The Design Patent drawing included above is a poor photographic reproduction, but the original (if it survives in the U.S. National Archives) would have been a very fine large-scale (1:2 or 1:3) drawing on durable but almost transparent paper.  It shows the one crucial part of the stove that has not survived 170 years -- the decorative urn and finial that sat in the center of the boiler-hole cover on the top plate, and probably served as a room humidifier, filled with water and perhaps scented herbs -- and also includes other information helping us to put the stove design into its context:
  1. It notes that the design has been assigned to (purchased and/or commissioned by) a local firm of stove makers, Low & Hicks, who thereby acquired the designers' intellectual property rights for the patent's full period of  seven years.  This was a normal way of doing business for stove pattern makers.  Unless they were also manufacturers themselves, they either worked on commission or developed designs in a speculative way and then sought makers to buy the right to use them.  Assignment data is quite common in design patents and usually signifies that the pattern makers are working on commission; assignments issued after the patent had been granted would have been recorded separately, in one of the Patent Office's enormous Assignment Books which have not, unfortunately, been digitized yet.  (The Low & Hicks partnership existed between c. 1847 and 1855.  Peter Low had entered the stove business as a sole trader in 1830; George W. Hicks remained in it until 1858 after their partnership broke up, at first as a sole trader himself and then with Edward J., his ?son; Edward J. continued with a new partner, Gordon G. Wolfe, until 1877, i.e. this was a well established local firm.  All data from this spreadsheet.)

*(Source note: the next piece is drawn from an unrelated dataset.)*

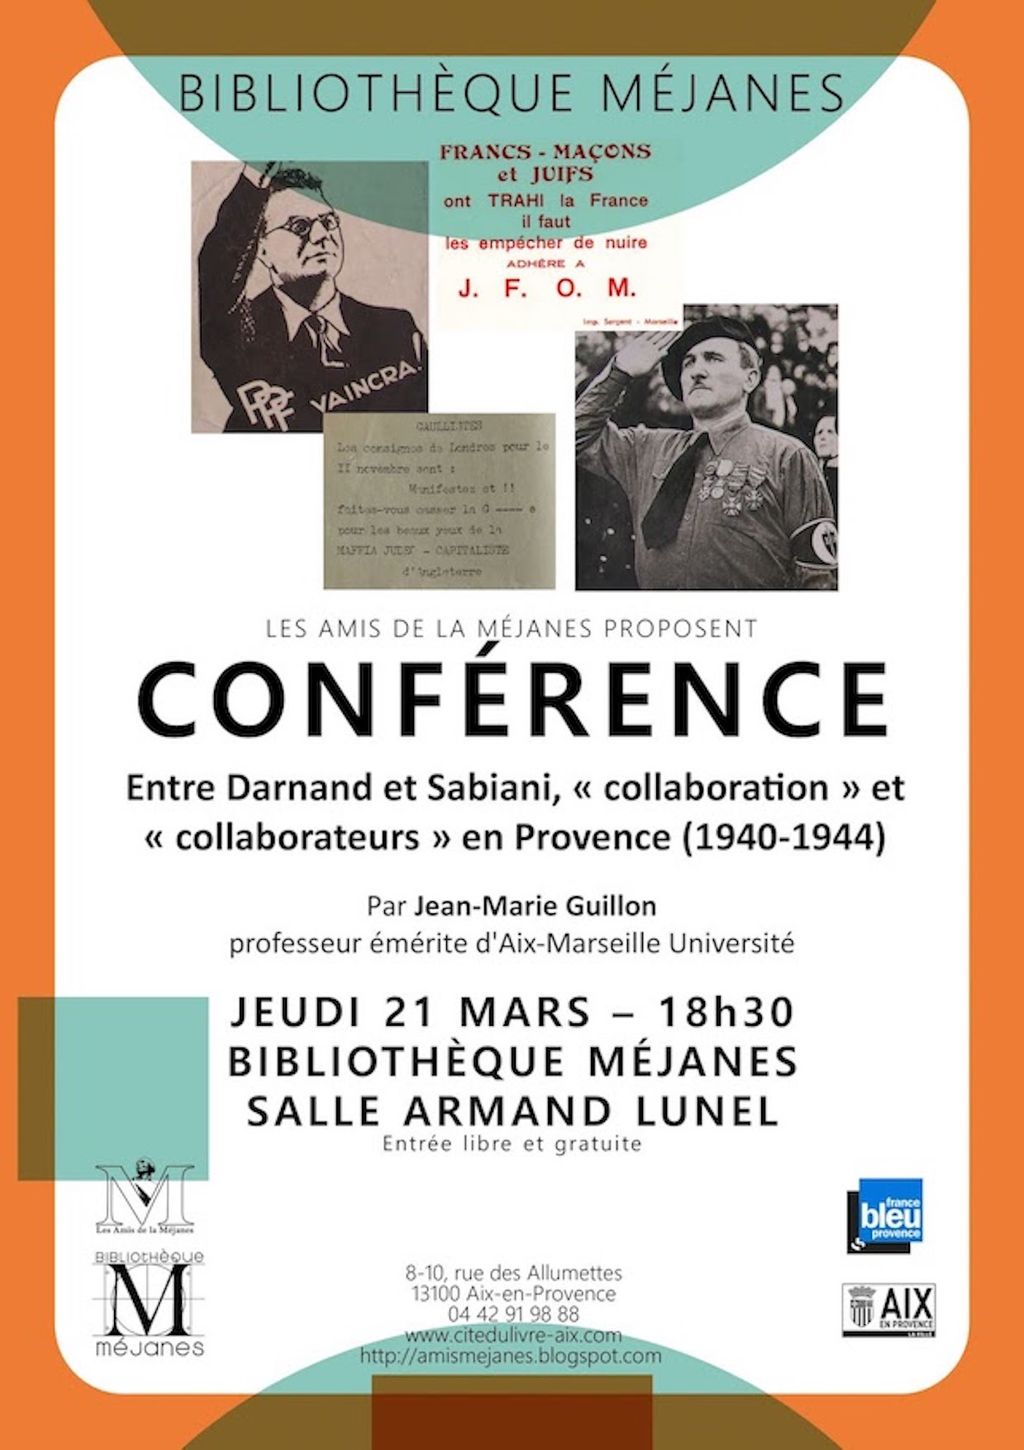 Entre Darnand et Sabiani "collaboration"et "collaborateurs" en Provence (1940-1944)

  2. The other names on the patent are those of its witnesses.  Sometimes there are separate witnesses for the drawings and the text, but not in this case.  Assignee and witness names are data worth collecting for understanding the networks of local business relationships in which mid-century entrepreneurs were embedded.  It would not be difficult to cross-refer names with local directories, newspapers, and censuses, but the exercise would only be worthwhile if done on a large scale.  The witnesses in this case -- E.L. Brundage and A. Snyder -- included the man who probably made the drawing and filed the patent.  Brundage was a draughtsman and patent agent, providing valuable specialized services to the local stove-design community.